Исповедь палача (СИ) - Меркушев Арсений Викторович. Страница 27
Еще раз — прости меня, я очень сожалею о том, что сделал 15 лет назад”.
А нифига я не сожалел! Светка и Гоша сами были виноваты! Или обстоятельства, или звезды, фатум, рок, судьба. Но ни я!
Отбить этот удар дубины было нельзя, и нельзя было от него увернуться. Но у меня хватило сил сделать шаг навстречу поднятой руке, и нанести свой удар.
Толстое стекло не может передать тепло рук, но этого и не надо. — Осужденный Завизион кладет ладонь на холодный лед стекла, и Слава, его старший братик — еще не старый грузный мужчина все понимает и тоже кладет ладонь с другой стороны.
А потом осужденный Завизион уходит.
Снова пробуждение. Исповедь уже закончилась, и начался молебен. Петь братья будут еще минут 15 или 2,5 свечи по нынешней системе измерения времени, а значит, у меня есть время на последнюю серию…
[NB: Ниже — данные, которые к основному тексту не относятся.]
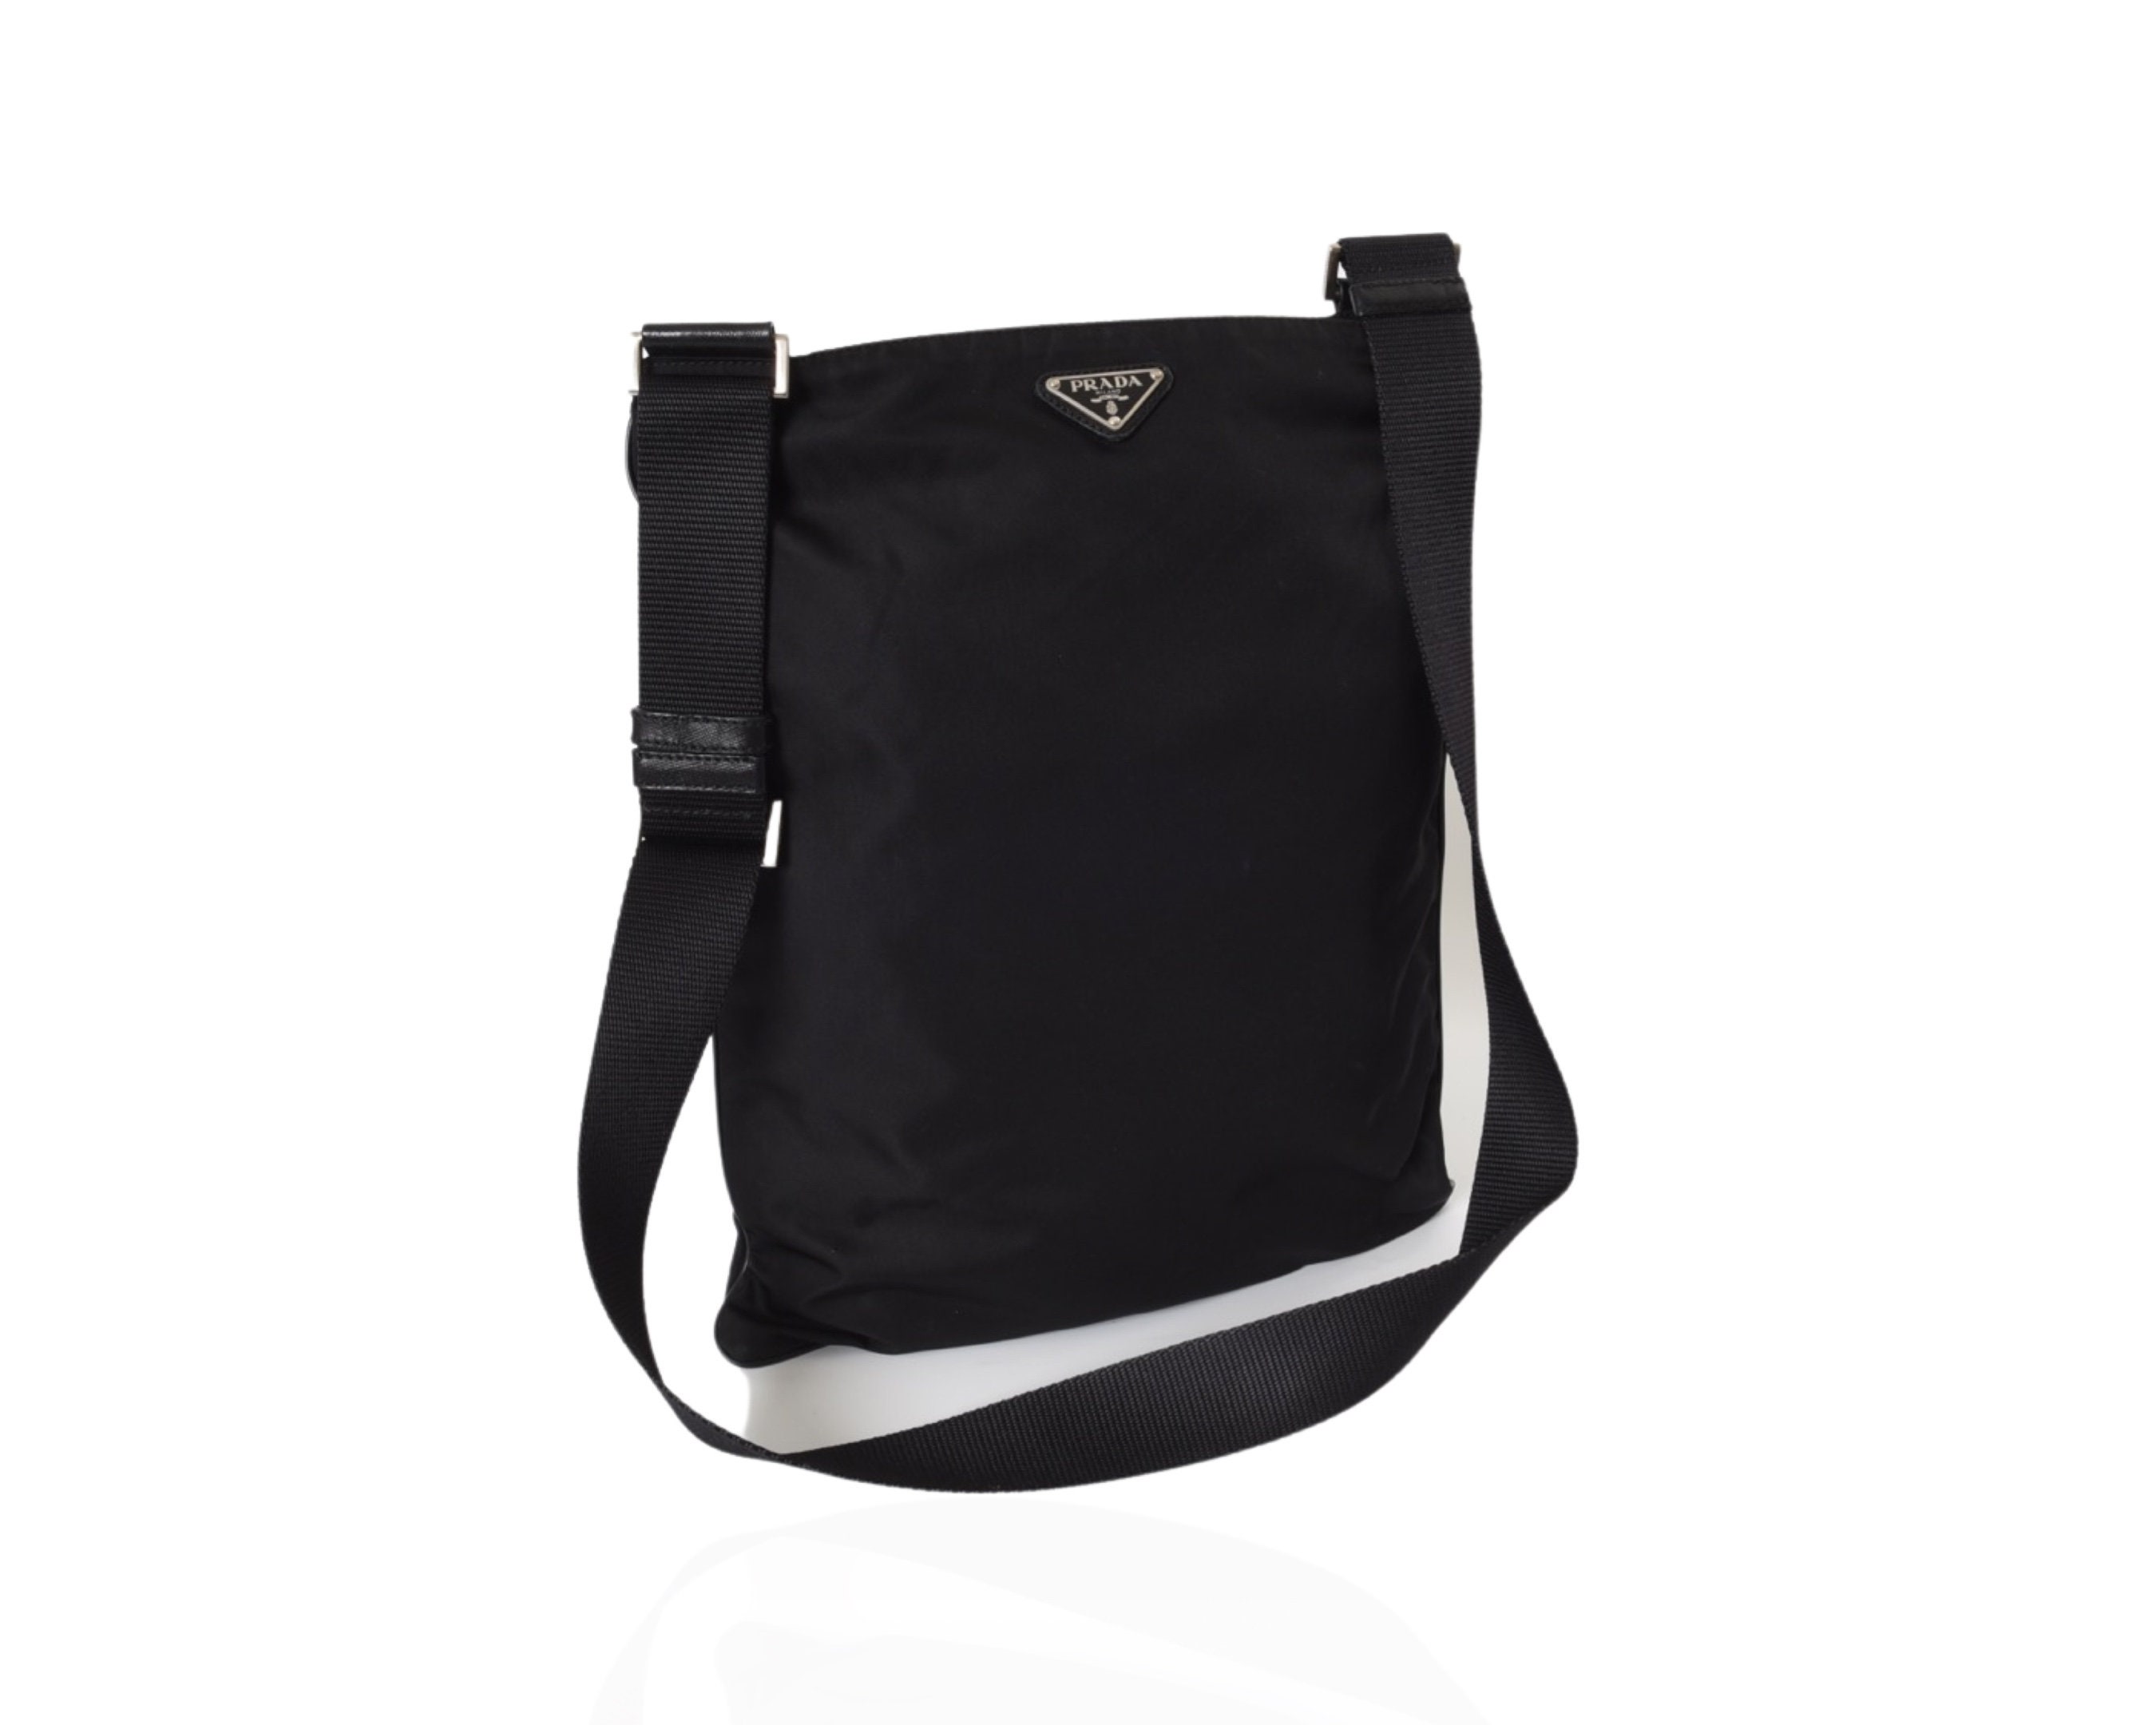 PRADA: System bag in sheepskin - White  Prada crossbody bags 1BD292 2EC9  online at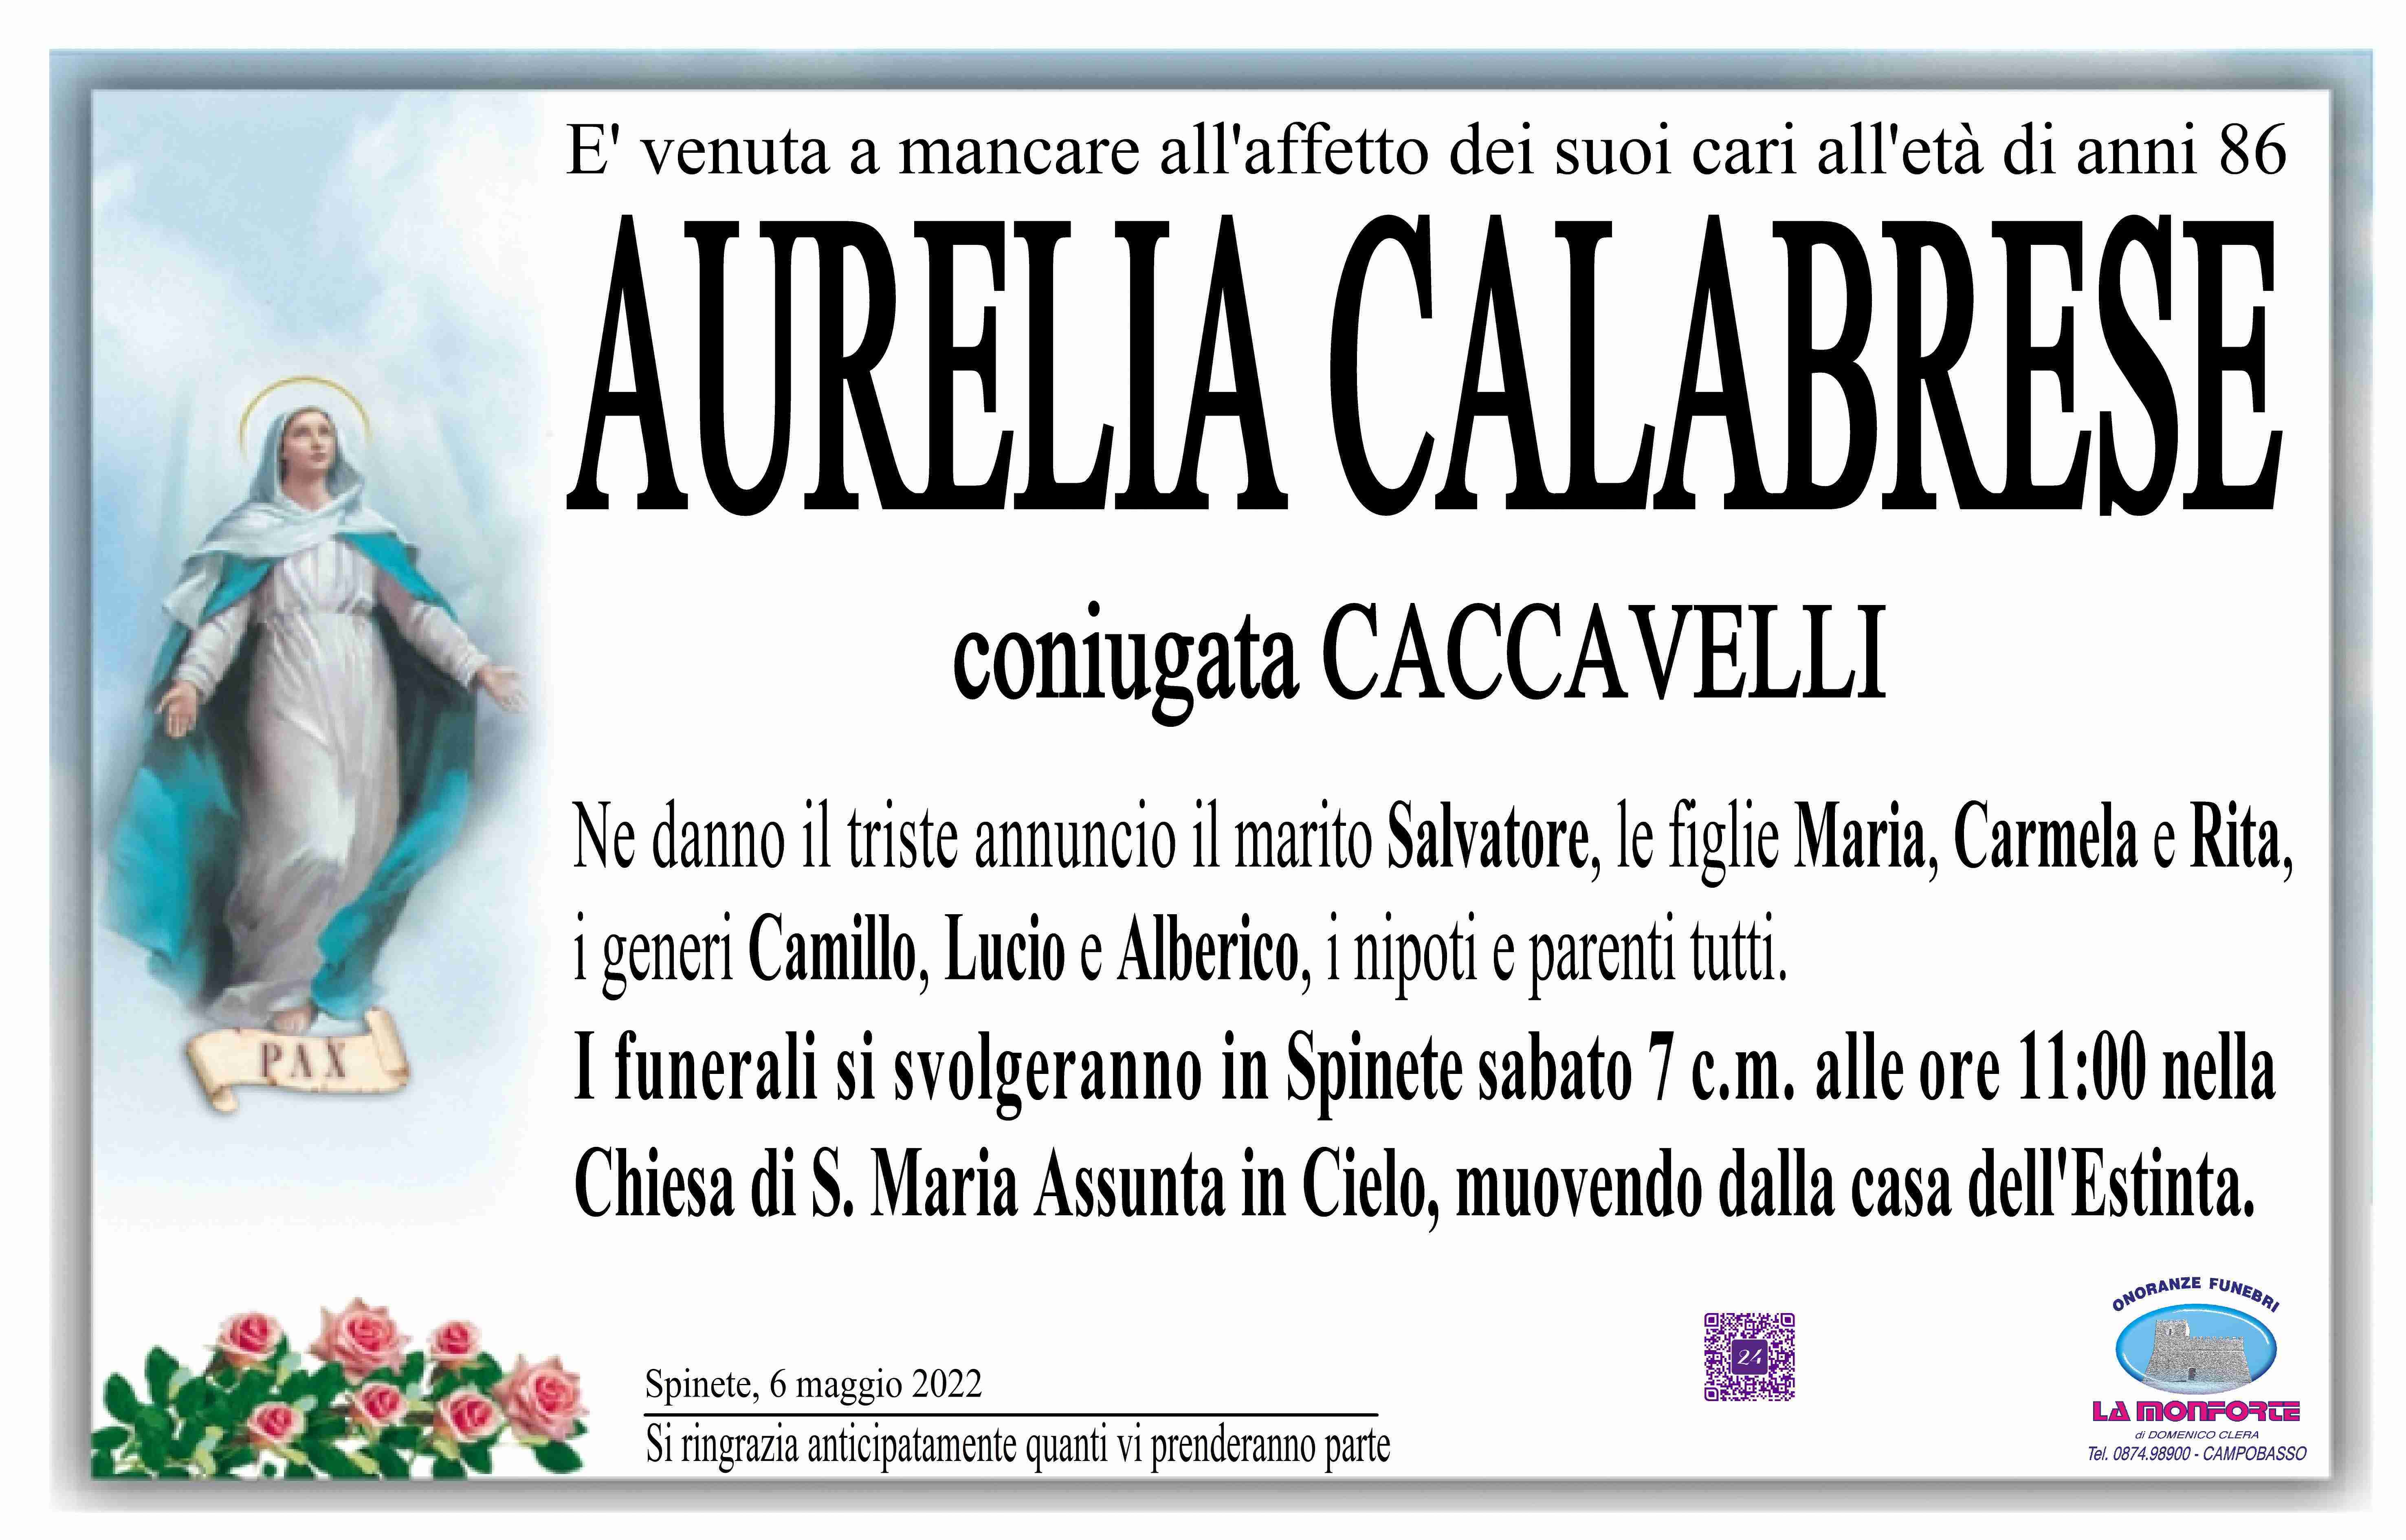 Aurelia Calabrese

Ну, вот кажется и все. Осужденный Завизион Станислав Юрьевич решает пойти по пути наименьшего сопротивления. — Бежать!? — Да, это будет своего рода побег.
Можно ли повеситься на высоте полутора метров при росте 1,7? Вполне! Нужно лишь правильно упасть. — Запястья рук аккуратно прикручены к лодыжкам — распутать этот нехитрый узел хватит и 3–4 секунд, но в падении с высоты курятника (кровать; спальное место на втором ярусе.) у меня их не будет, а там — рывок, и треск ломающихся шейных позвонков.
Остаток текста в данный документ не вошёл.